■ **Problem requirements**
Leaving out the pictures, return word for word the stretch of entries below from the line holding "608 School Ave., Council, Idaho" through the line holding "Cisco Systems ATA".

■ **Input data**
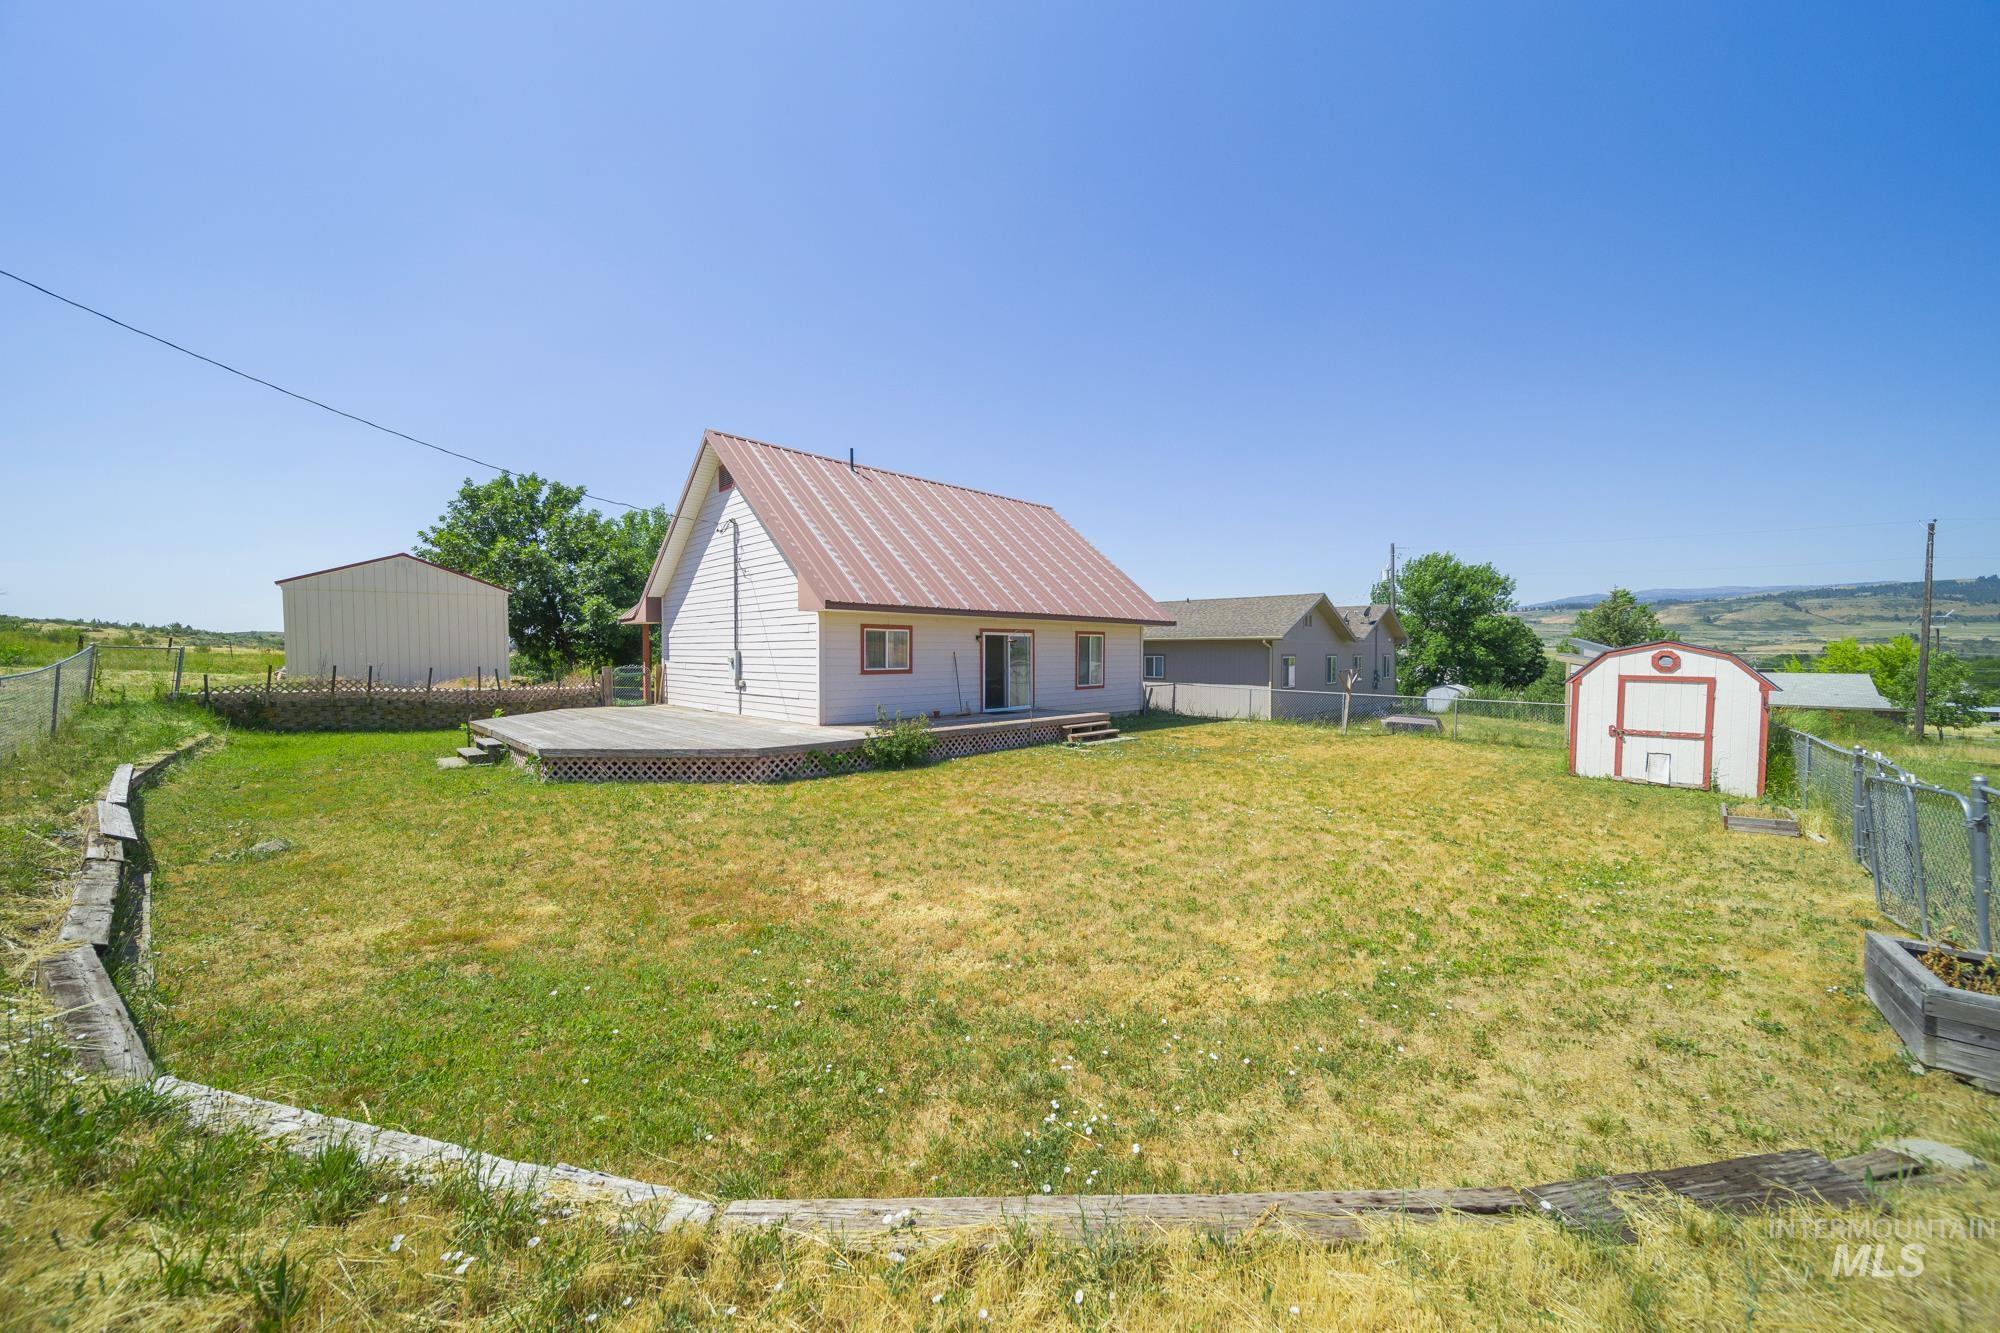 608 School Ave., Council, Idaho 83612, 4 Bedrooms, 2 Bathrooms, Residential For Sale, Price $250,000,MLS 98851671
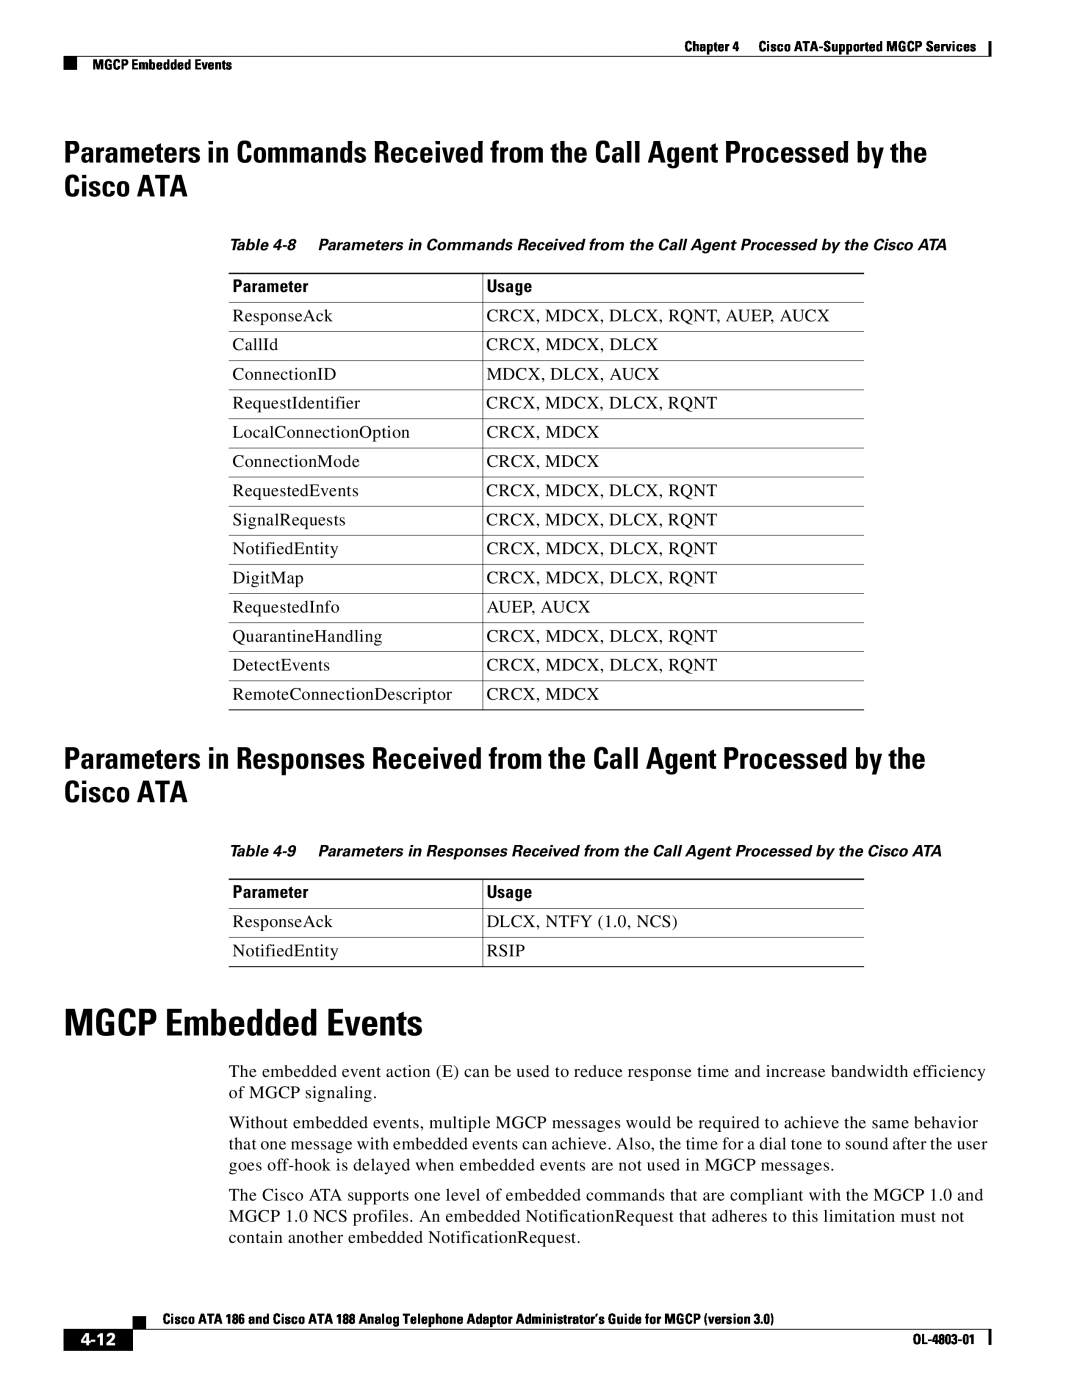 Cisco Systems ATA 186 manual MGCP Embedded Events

--

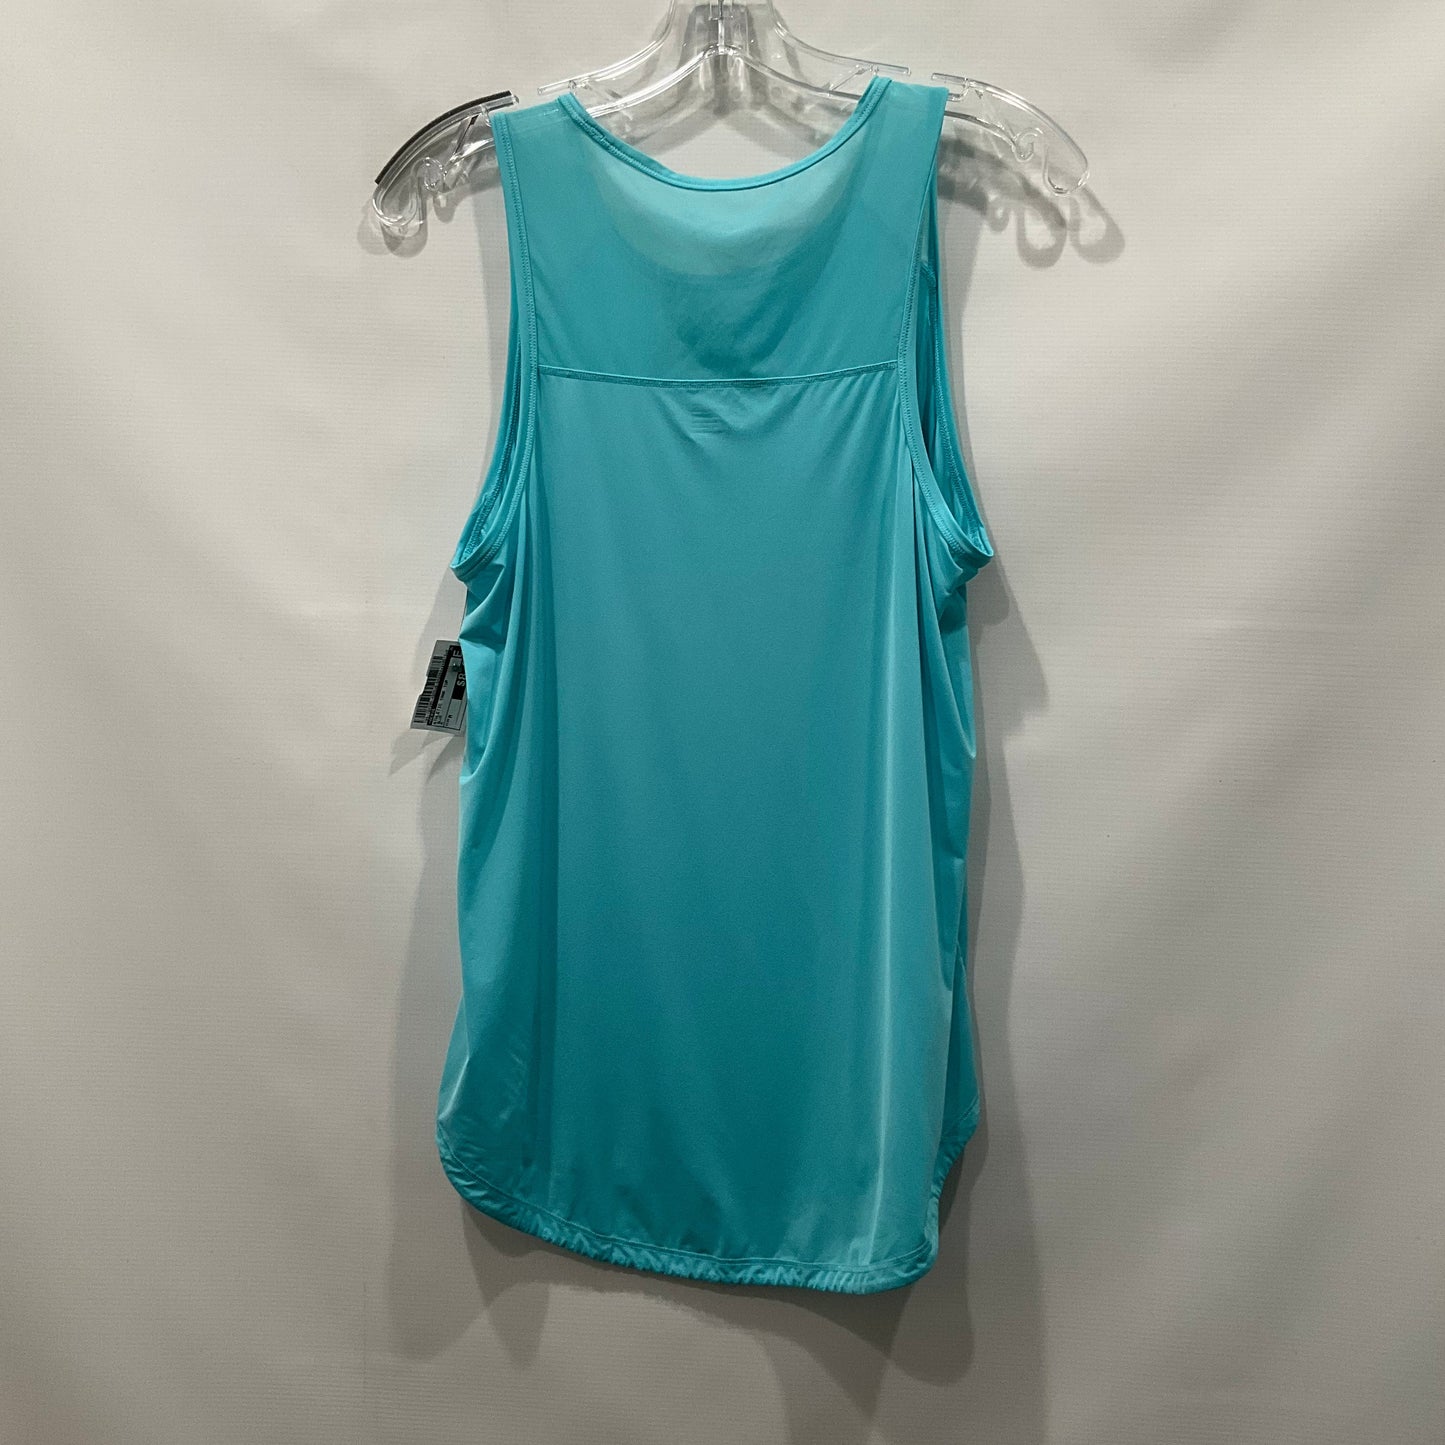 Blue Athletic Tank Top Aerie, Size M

■ **Task output**
 608 School Ave., Council, Idaho 83612, 4 Bedrooms, 2 Bathrooms, Residential For Sale, Price $250,000,MLS 98851671
 Cisco Systems ATA 186 manual MGCP Embedded Events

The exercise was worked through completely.